MIAMI (CBSMiami) – There are renewed calls for an end to the Ultra Music Fest. A Miami commissioner wants Miami residents to see video of what he believes are drug-fueled acts at Ultra.
One video shows a handful of young men fighting. A crowd stands around them and there are no police or security in sight. A second video shows a crowd of men and women jumping a fence. A third shows a woman urinating on what appears to be an unconscious man. The videos made their way from social media to the office of Miami Commissioner Marc Sarnoff.
"I didn't create any of these (videos,)" said Sarnoff. "I'm just putting them together so we can take a good, hard look, as we said we would do, (at) Ultra 2014."
More than just a moral issue, Sarnoff believes the videos justify concerns some people have about security at the electronic music festival, after several gate-crashers rushed and toppled fences to sneak in two years in a row.
Another video shows a police officer struggling to restrain a man. The officer calls for back up, but no one comes for several minutes.
The spokesman for Ultra, Rodney Barreto, says anyone who has a problem with Ultra's security plan should talk to Miami Police. The police department approved the plan ahead of time. At the recommendation of police, Ultra organizers increased the number of officers it pays to secure the venue.
In 2012, 140 officers patrolled the festival. That increased to 208 in 2013, and jumped to 257 in 2014.
"The money that Ultra is spending is nothing more than bloody money," said Sarnoff.
The commissioner was alluding to the death of Adonis Pena Escoto. The 21-year-old is under investigation. His family believes someone slipped something into this drink at Ultra before he died at the hospital.
"We've worked hand in hand with the police department and every request they've made, we've fulfilled," said Rodney Barreto.
Ultra organizers didn't fulfill one request by police. During the pre-event walk-through, police noted the entire perimeter of the event was fortified by heavy duty fencing called "G-8 fencing." The one area that didn't have G-8 fencing was near the concession area. It only had chain-link fencing that could easily be knocked over. Police told Ultra organizers to replace the chain-linked fence with G-8 fencing. Police says Ultra said it would comply, but it never did.

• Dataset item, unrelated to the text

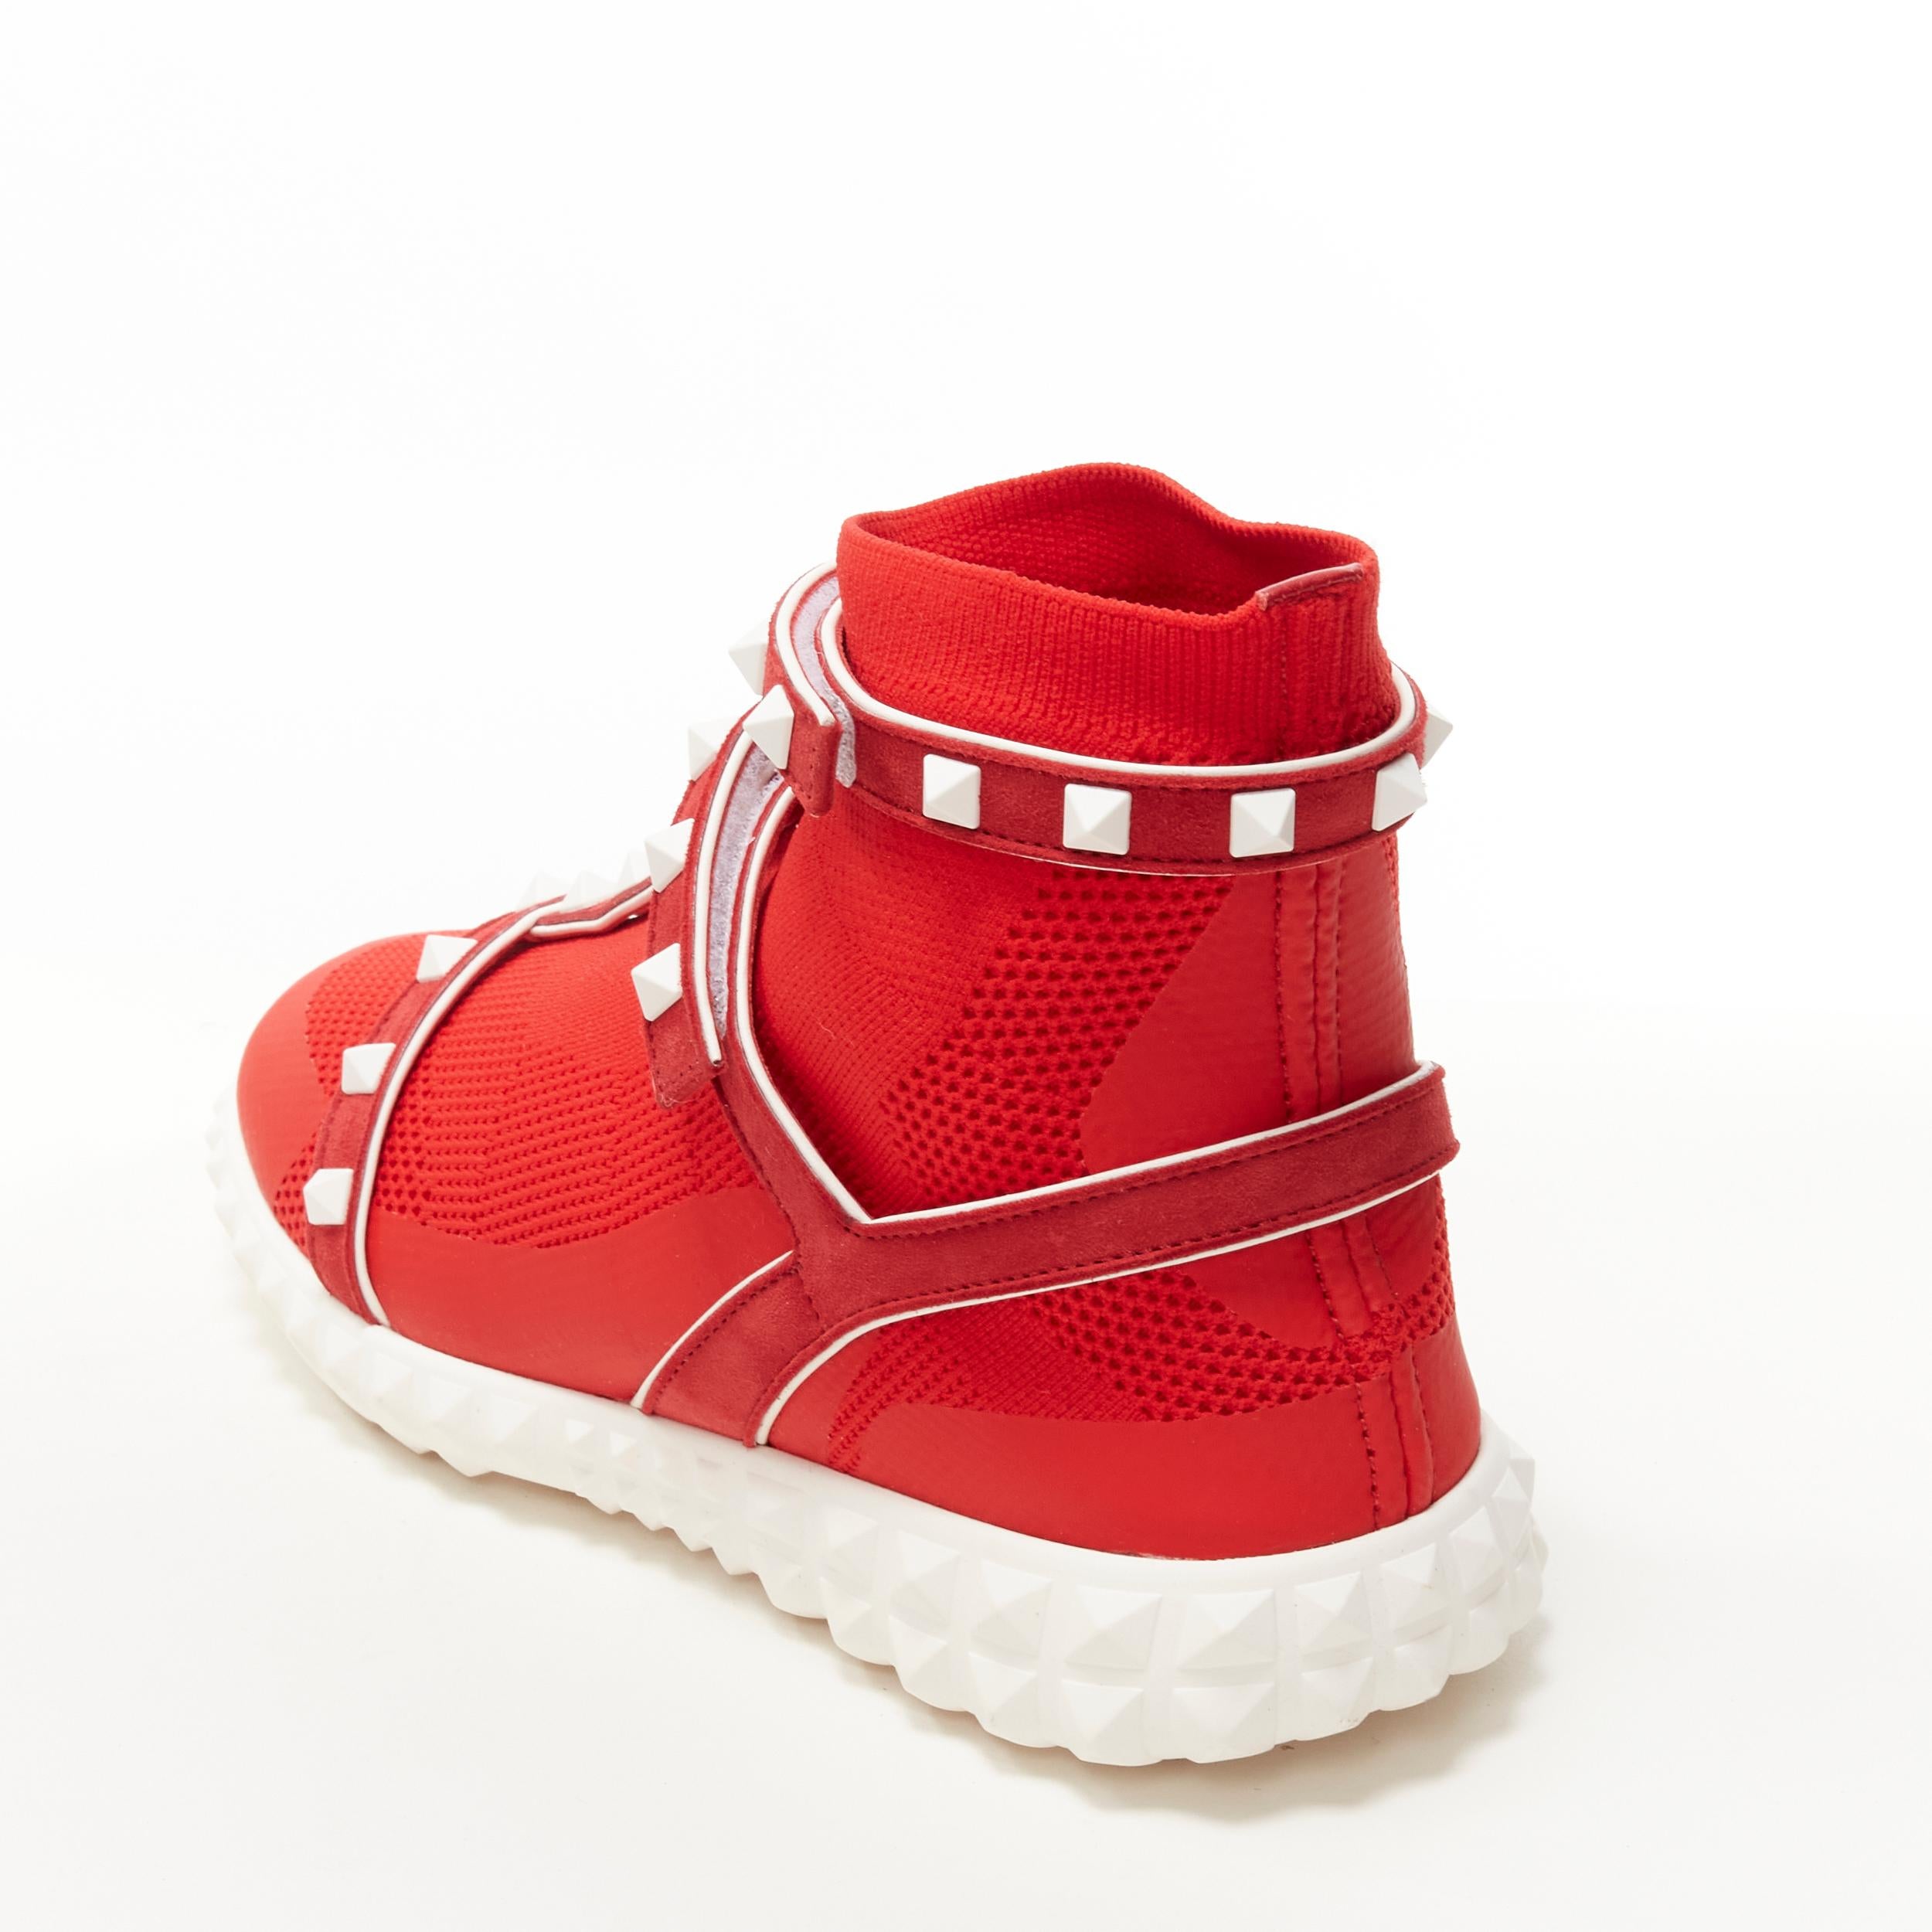 VALENTINO Free Rockstud Bodytech red sock knit white stud high top sneaker EU36 For Sale 3

Once Ultra started, people wanting to attend the event without tickets toppled the chain-linked fence near the concession area. The chain-linked fence fell on top of security guard Erika Mack as gate crashers walked over it. Mack was hospitalized in critical condition, although her condition has improved.
When asked about how Ultra ignored that the fence request from police, Barreto said the matter was still under review.
"I don't think there's an event in this community that doesn't have some sort of issues related to it," said Barreto."
Barreto pledged to continue to work with police for future festivals.